By March 2023, the court sided with the publishers, and in September 2024, the Second Circuit Court of Appeals upheld the decision: digitizing a physical copy of a book violates the rights of publishers and authors. Because, as the court ruled, such an internet archive "is not transformative, does not add new expression, meaning, or message to the original works," but simply copies and distributes content without the permission of rights holders. The archive did not appeal, and over 500,000 books had to be removed.

Critics of the decision warn about the precedent. "Libraries are already burdened by licensing fees for e-books," said Dave Hansen, executive director of Authors Alliance. "This decision may benefit only the largest publishers and the most famous authors, but it promises more harm for the rest. It could even stifle academic research and education as a whole."

At the same time, the conflict with the music industry has intensified. A couple of years ago, Universal Music Group, Sony Music Entertainment, and Concord filed a $621 million lawsuit against the Internet Archive for digitizing old records as part of the Great 78 Project. More than 600 musicians defended the archive, and a petition to withdraw the lawsuit gathered 125,000 signatures. In September 2025, the case was settled under confidential terms.

Artificial Intelligence Rules

Simultaneously, a new scandal is unfolding. Publishers have begun blocking the Internet Archive's crawlers, but not because they oppose archiving as such. The problem lies elsewhere: open archives have become a convenient source of data for AI companies.

Indeed, while news sites are closing direct access to AI bots and agents and filing lawsuits against model developers, they are increasingly turning to public infrastructure — archives and indexes, because these remain open for machine access by definition. As a result, the pressure initially directed against AI giants is shifting to institutions of digital memory.

The logic of the media industry here is quite consistent: access to content should be paid. Gannett (owner of USA Today and hundreds of regional newspapers) reported that it blocks tens of millions of requests from AI bots every month, a significant portion of which is related to OpenAI. At the same time, the conglomerate has simultaneously signed licensing deals with Perplexity.

In this scheme, the archive appears not as an enemy but as an inconvenient intermediary: it does not charge for access and cannot control who uses it.
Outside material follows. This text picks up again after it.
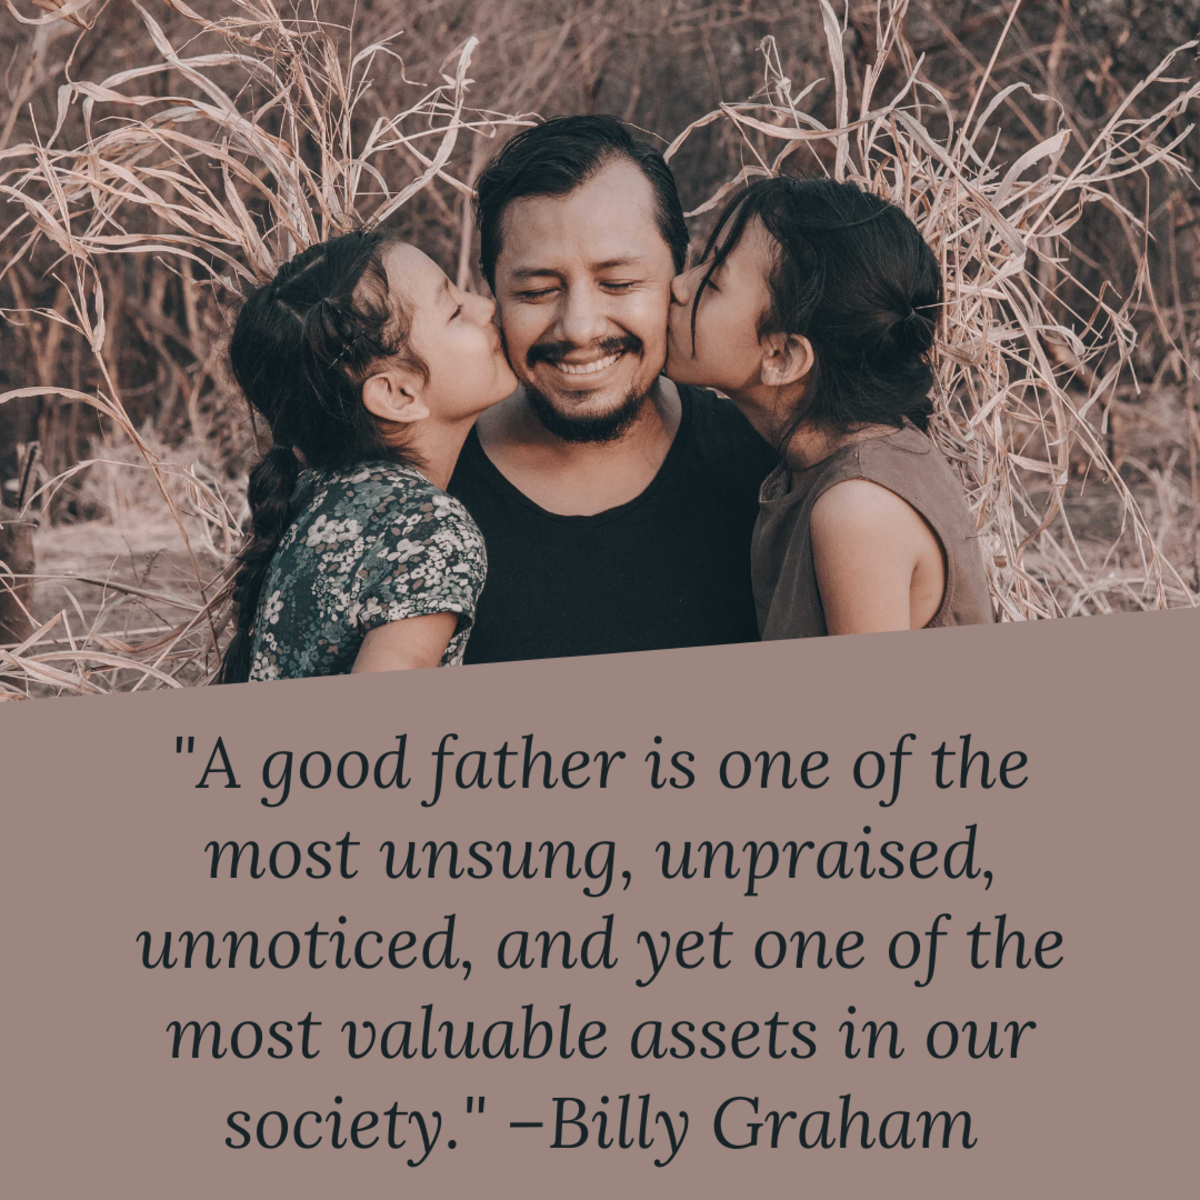 Sometimes, Father's Day calls for a great quote or saying.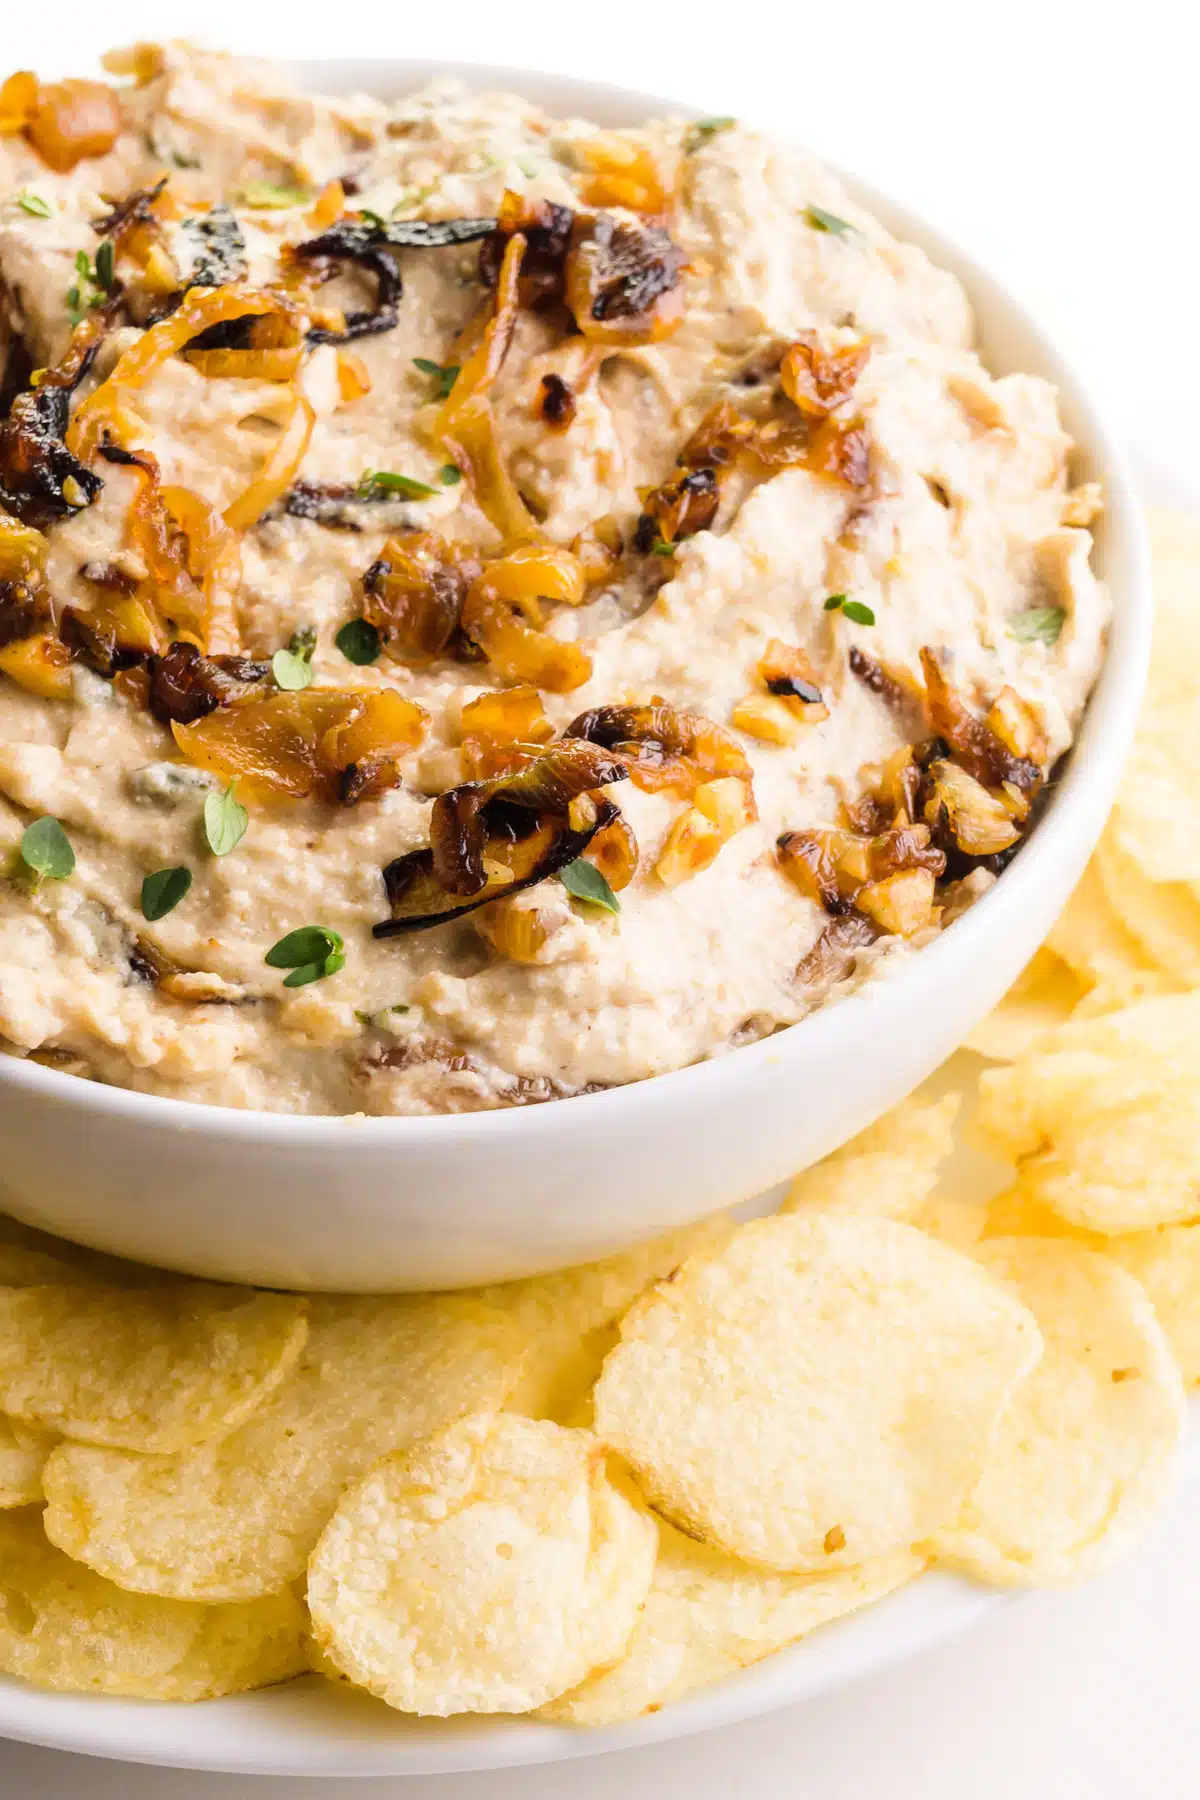 A bowl of vegan French onion dip sits on a plate with potato chips.

The Hachette vs Internet Archive case revealed a broader contradiction: the more rights holders restrict AI companies' access to their content, the greater the burden on public archives and libraries. Ironically, the bastions of open digital knowledge have found themselves held hostage by their own openness.

In Anticipation of a Global Backup

International organizations have long been discussing digital memory, but these discussions have not yet formed into a coherent regulatory system.

Globally, the UNESCO charter on the protection of digital heritage recognizes that copyright so restricts copying that even transferring files to library systems may violate the rights of rights holders. It is separately noted that without cooperation between publishers, archives, and libraries, long-term preservation of digital heritage is practically impossible. Progress in practice has been minimal.

However, some countries have begun to create digital memory infrastructure. The UK has mandated major internet resources to transfer content to the British and other libraries. Germany and Australia are developing their state web archives. In the U.S., the OPEN Government Data Act passed in 2019 requires agencies to publish data in machine-readable formats — although nothing prevents them from deleting it.

Evidently, our heritage is not exabytes of priceless data, but the ability to take timely screenshots.